Dividend tax: the exceptional contribution on companies adopted
The Finance Committee of the National Assembly adopted on Friday the draft surtax on corporation tax (IS) which will be used to finance part of the reimbursement and costs of litigation, for a total amount of ten billion. euros, linked to the invalidation of the dividend tax.
With an expected return of 5.4 billion euros, this “exceptional contribution” will have to be paid in the form of a corporate tax on account by large companies before the end of the year to allow the government to meet its commitment to ” a public deficit below 3% of GDP as of December 31.
>> To reread: How this lawyer made the State lose 10 billion euros with the dividend tax
To meet these deadlines, the executive has chosen to go through an amending finance bill (PLFR) limited to this single measure and independent of the traditional end-of-year budget collective, which will be presented to it in mid-November. It provides that the profit tax rate will drop from 33.3% to 38.3% for companies with turnover exceeding one billion euros, and to 43.3% for those with invoices exceeding three billion.

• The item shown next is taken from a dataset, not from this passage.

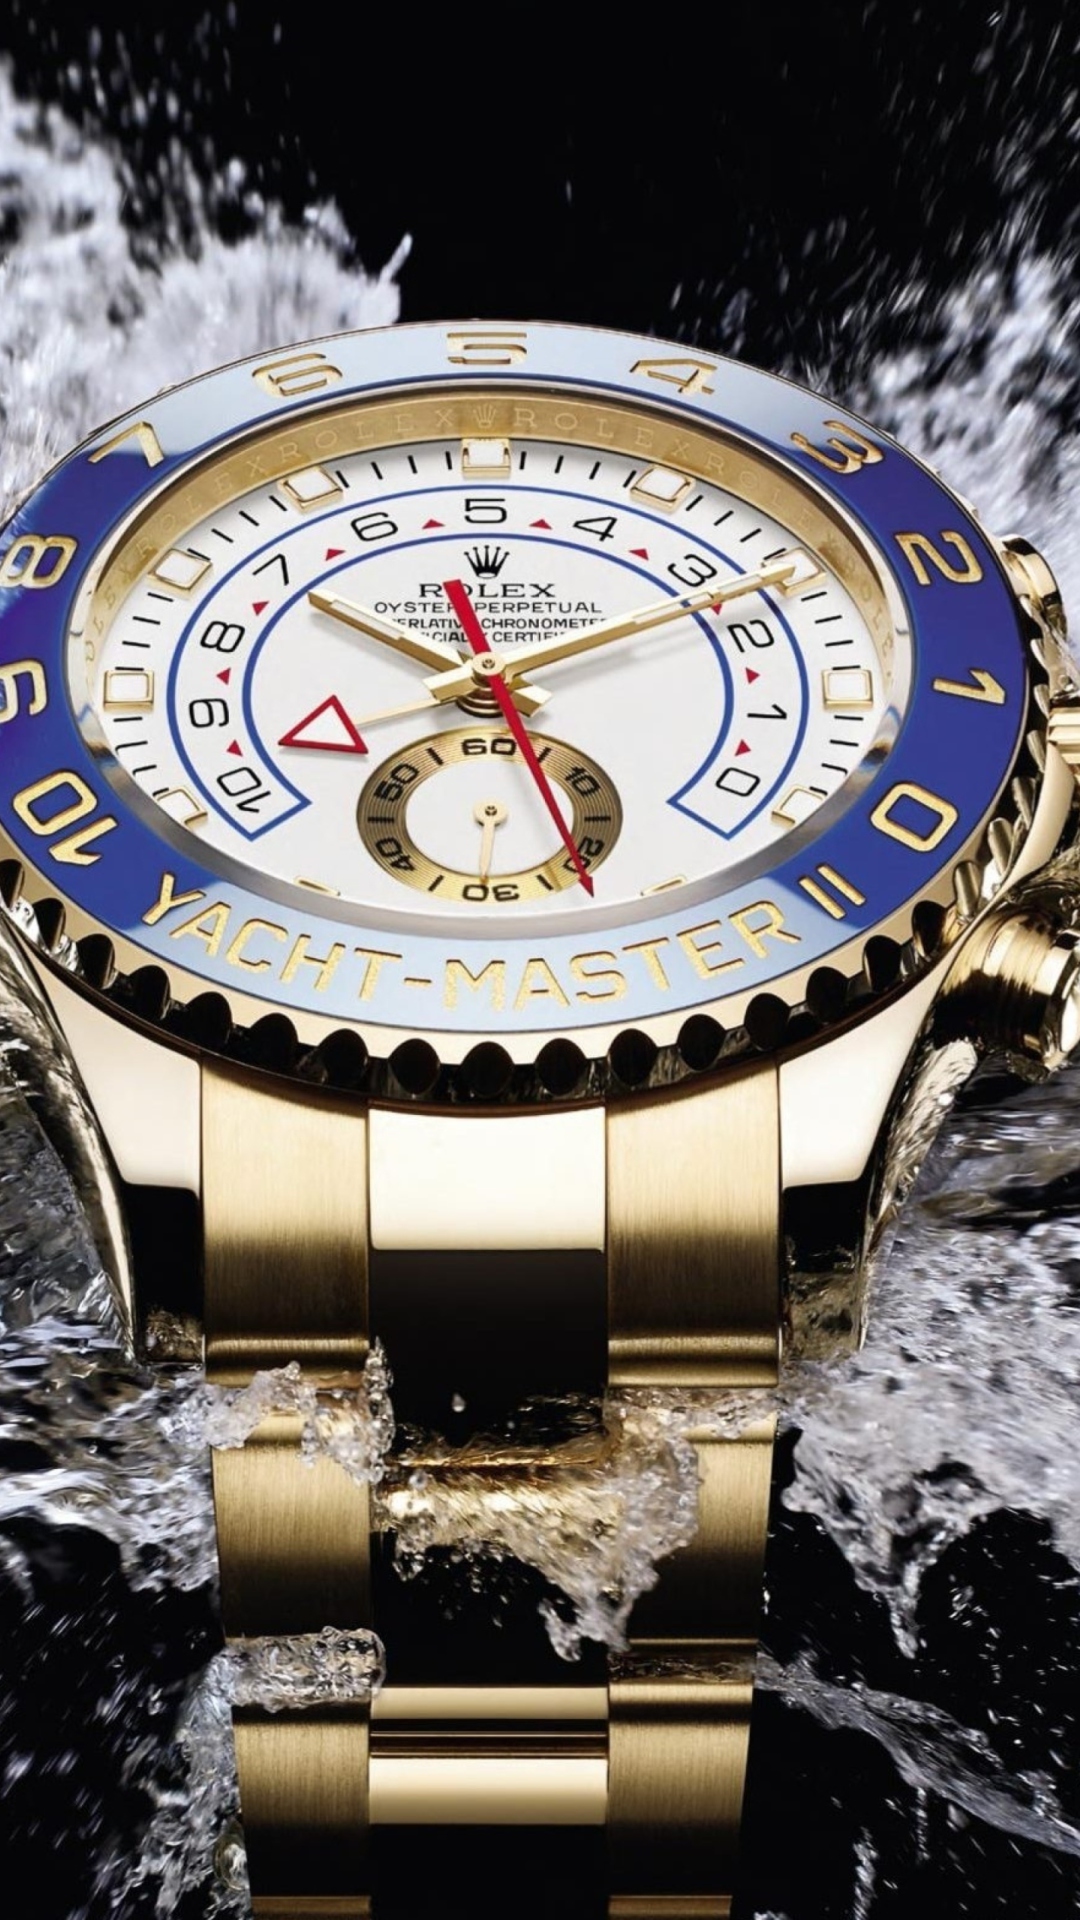 Das Rolex Yacht-Master Watches Wallpaper 1080x1920

A total of 320 companies are concerned, including 110 for the rate of 43.3%. The Minister of the Economy and Finance, Bruno Le Maire, acknowledged Thursday before the Finance Committee of the Assembly that a majority of these companies, 223, would be losers in this device, which is highly criticized by the employers, their contribution being greater than the reimbursements due to them. The government, which has decided to settle the file of the tax on dividends over two years, to the tune of five billion euros in 2017 and the same in 2018 – stressed that this surcharge would allow it to confirm its deficit forecast public at 2.9% this year.
But he raised by 0.2 point that of the 2018 deficit, to 2.8%, because the State will this time be four billion euros out of his pocket. This amending finance bill will be examined in session Monday at the National Assembly.